EI - Proposition 5


Il ne peut y avoir dans la nature deux ou plusieurs substances de même nature ou attribut.

DÉMONSTRATION

S’il existait plusieurs substances distinctes, elles devraient se distinguer entre elles ou par la diversité des attributs ou par la diversité des affections (Proposition précédente). Si elles se distinguent seulement par la diversité des attributs, il est donc accordé qu’il n’y en a qu’une du même attribut. Si maintenant elles se distinguent par la diversité des affections, comme une substance (Proposition 1) est antérieure en nature à ses affections, on ne pourra, mettant ses affections à part et la considérant en elle-même, c’est-à-dire (Définition 3 et Axiome 6) en vérité, la concevoir comme distincte d’une autre, en d’autres termes il ne pourra y avoir plusieurs substances, mais seulement une. C.Q.F.D. [*]
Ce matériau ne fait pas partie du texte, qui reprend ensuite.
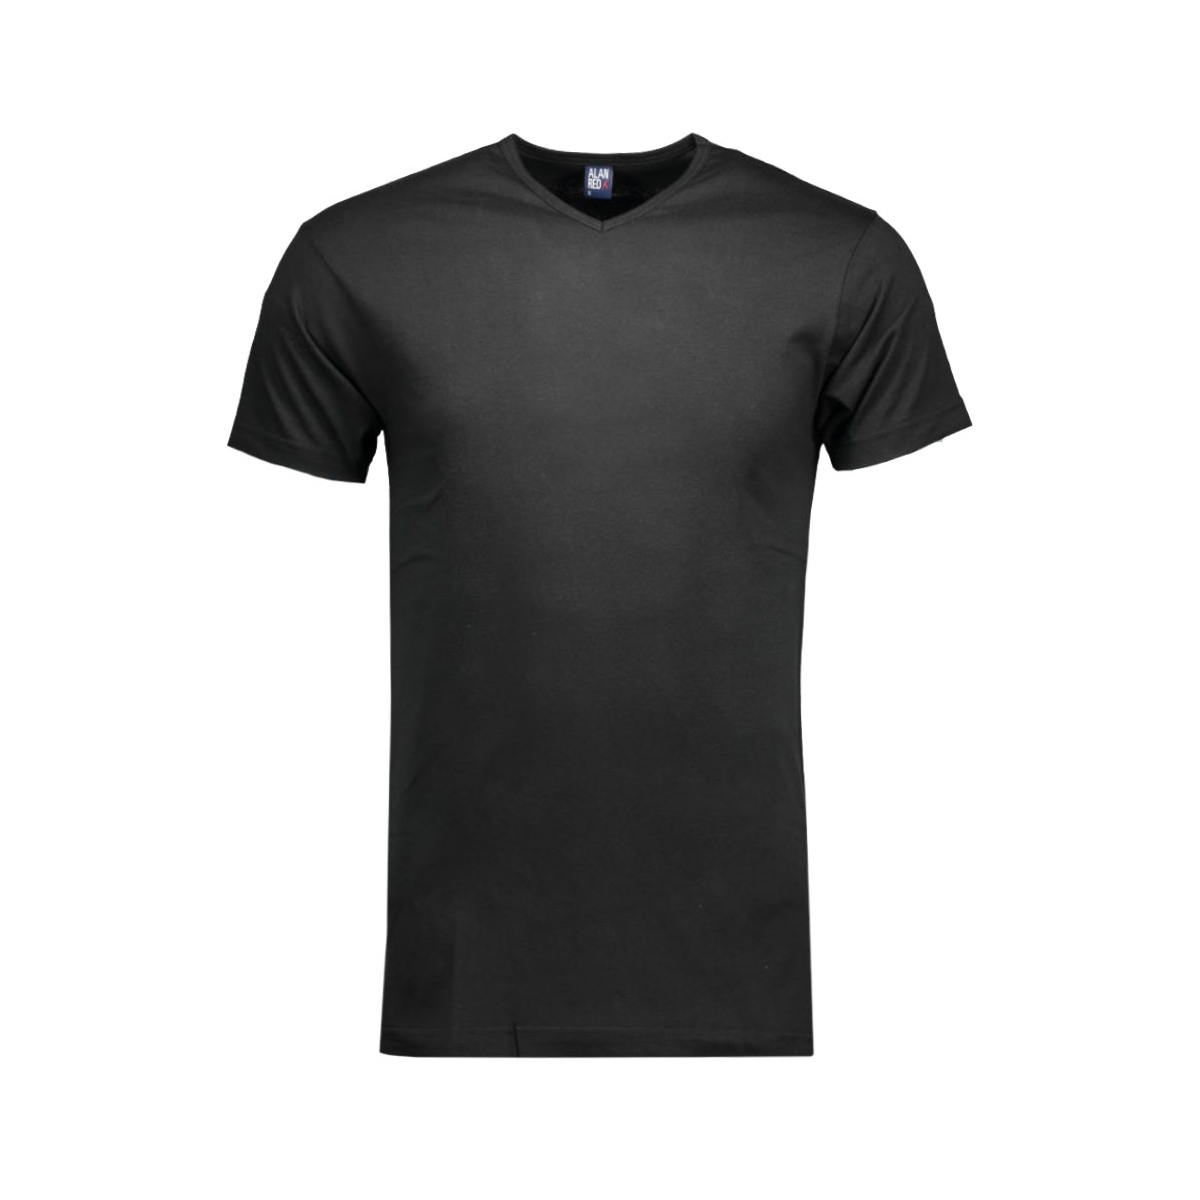 6671sp vermont alan red t-shirt black

In rerum natura non possunt dari duæ aut plures substantiæ ejusdem naturæ sive attributi.

DEMONSTRATIO :

Si darentur plures distinctæ, deberent inter se distingui vel ex diversitate attributorum vel ex diversitate affectionum (per propositionem præcedentem). Si tantum ex diversitate attributorum, concedetur ergo non dari nisi unam ejusdem attributi. At si ex diversitate affectionum, cum substantia sit prior natura suis affectionibus (per propositionem 1) depositis ergo affectionibus et in se considerata hoc est (per definitionem 3 et axioma 6) vere considerata, non poterit concipi ab alia distingui hoc est (per propositionem præcedentem) non poterunt dari plures sed tantum una. Q.E.D.

[*(Saisset) : Il ne peut y avoir dans la nature des choses deux ou plusieurs substances de même nature, ou, en d’autres termes, de même attribut. Démonstration S’il existait plusieurs substances distinctes, elles se distingueraient entre elles ou par la diversité de leurs attributs, ou par celle de leurs affections (en vertu de la Propos. précéd.). Si par la diversité de leurs attributs, un même attribut n’appartiendrait donc qu’à une seule substance ; si par la diversité de leurs affections, la substance étant antérieure en nature à ses affections (par la Propos. 1), il suivrait de là qu’en faisant abstraction des affections, et en considérant en elle-même une des substances données, c’est-à-dire en la considérant selon sa véritable nature par les Déf. 3 et l’Axiome 6), on ne pourrait la concevoir comme distincte des autres substances, ce qui revient à dire (par la Propos. précéd.) qu’il n’y a point là plusieurs substances, mais une seule. C. Q. F. D.